# Re-Chip GA16 ECU



## znoj (Jan 31, 2011)

HI guys

Im looking for a DIY thingy, anyone knows how to re chip GA16DE ECU, I have a B13 with GA16 motors, I need to re-chip this one:newbie:


----------



## chimmike (Oct 17, 2002)

there is no DIY re-chipping. What would you intend to accomplish with this anyways?


----------



## znoj (Jan 31, 2011)

@chimmike
I need to test GA16DE potential, a friend of mine will be purchasing SR16VE N1 and SR20 VE so my GA16DE would be a further exploration also I need to know if I can cut the rev limit currently rev limit is 7K RPM.. I was wondering if we could DIY for GA16 since we will also be rechipping my friend's EG6 B16 DIY so I pressumed we could also do it in GA16DE


----------



## chimmike (Oct 17, 2002)

you can't compare hondas and nissans. 

First, if you have access to the SR16VE, don't waste your time on the GA16.

And how do you expect to get any power beyond 7,000rpm with stock cams? Motor will just fall on it's face. The GA's potential has been researched and realized many times over by now.
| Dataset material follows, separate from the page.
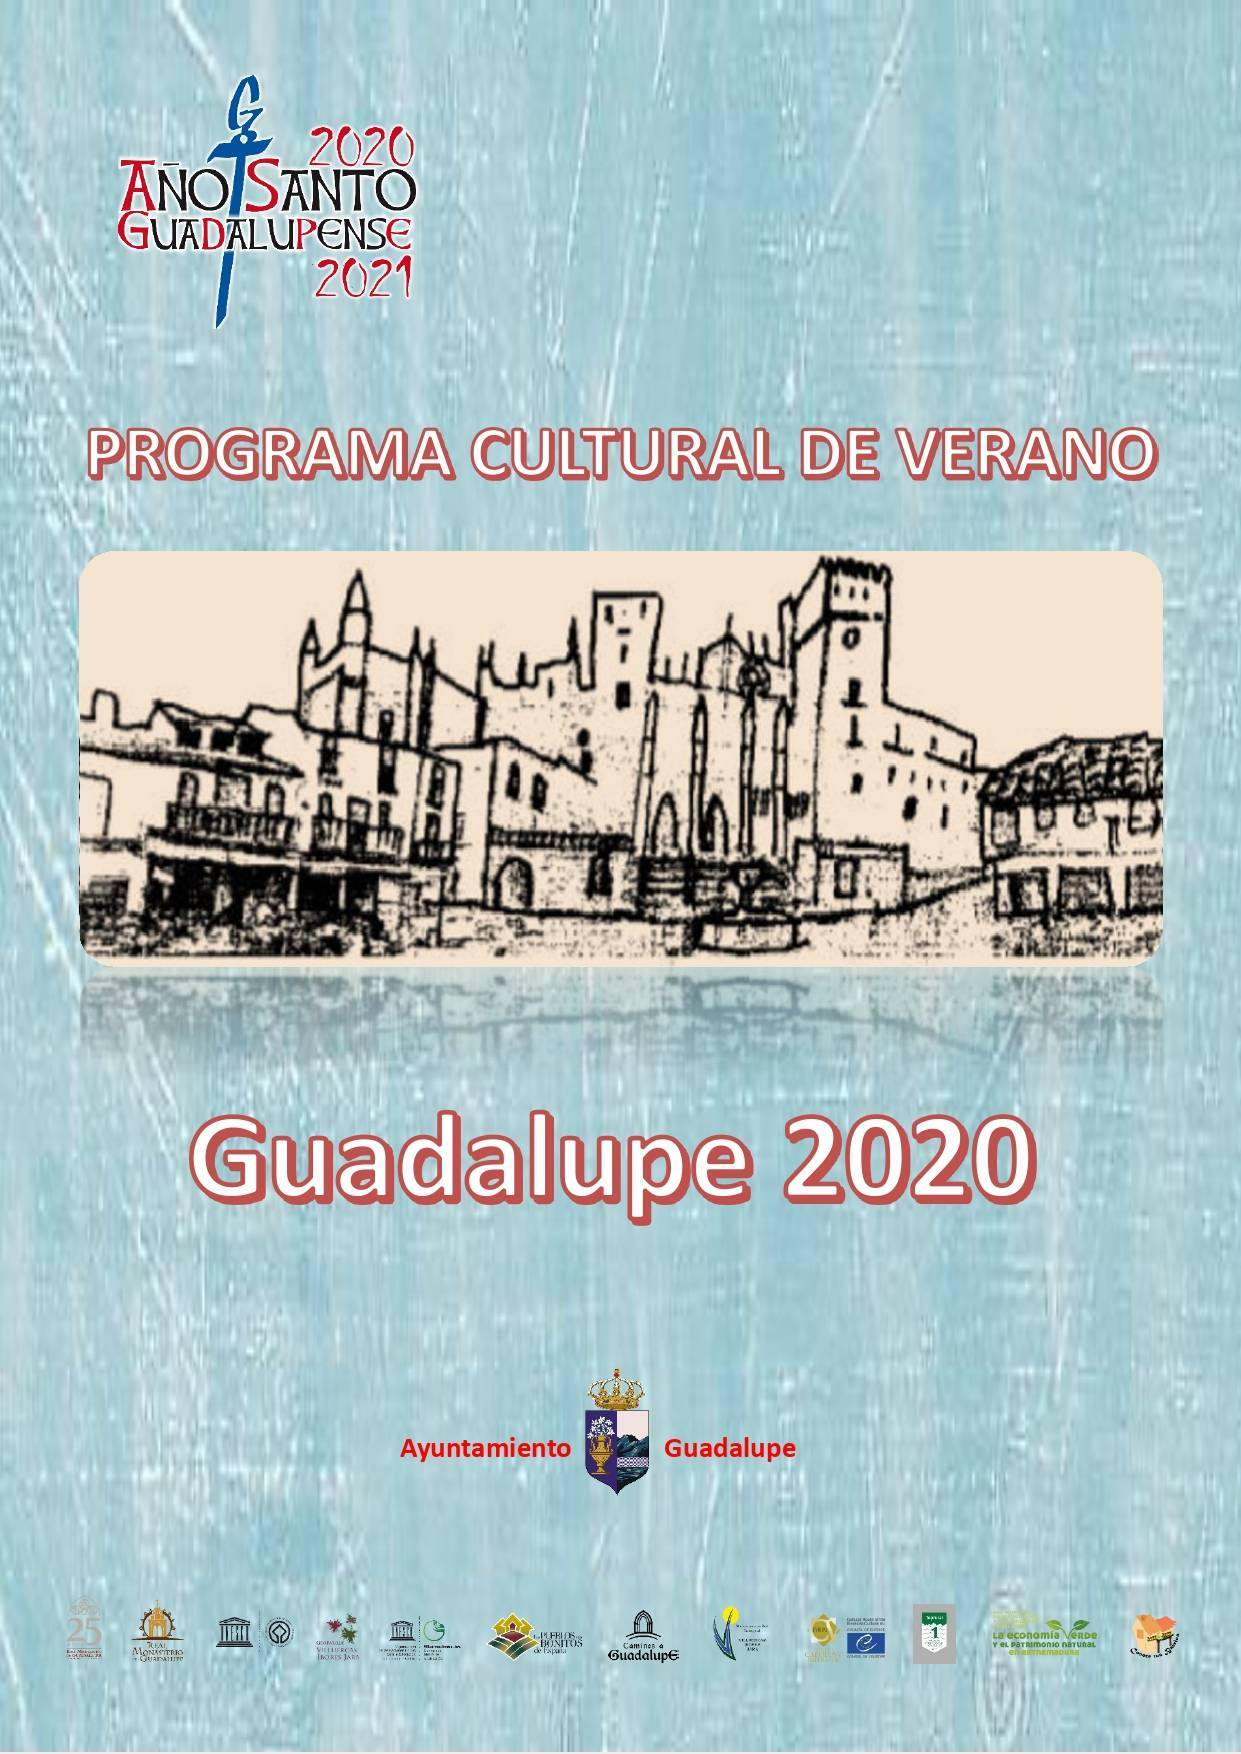 Programa cultural de verano 2020 - Guadalupe (Cáceres) 1

There is simply no DIY chipping you can do on that ECU, and it won't make any performance difference without heavy massaging elsewhere.


----------



## znoj (Jan 31, 2011)

can I used SR61VE N1 Cams and ECU or SR20VE ECU and Cams for GA16DE?just wondering if it will fit


----------



## chimmike (Oct 17, 2002)

nope. SR and GA motors are totally different. Again, these are not hondas where parts are interchangeable.


----------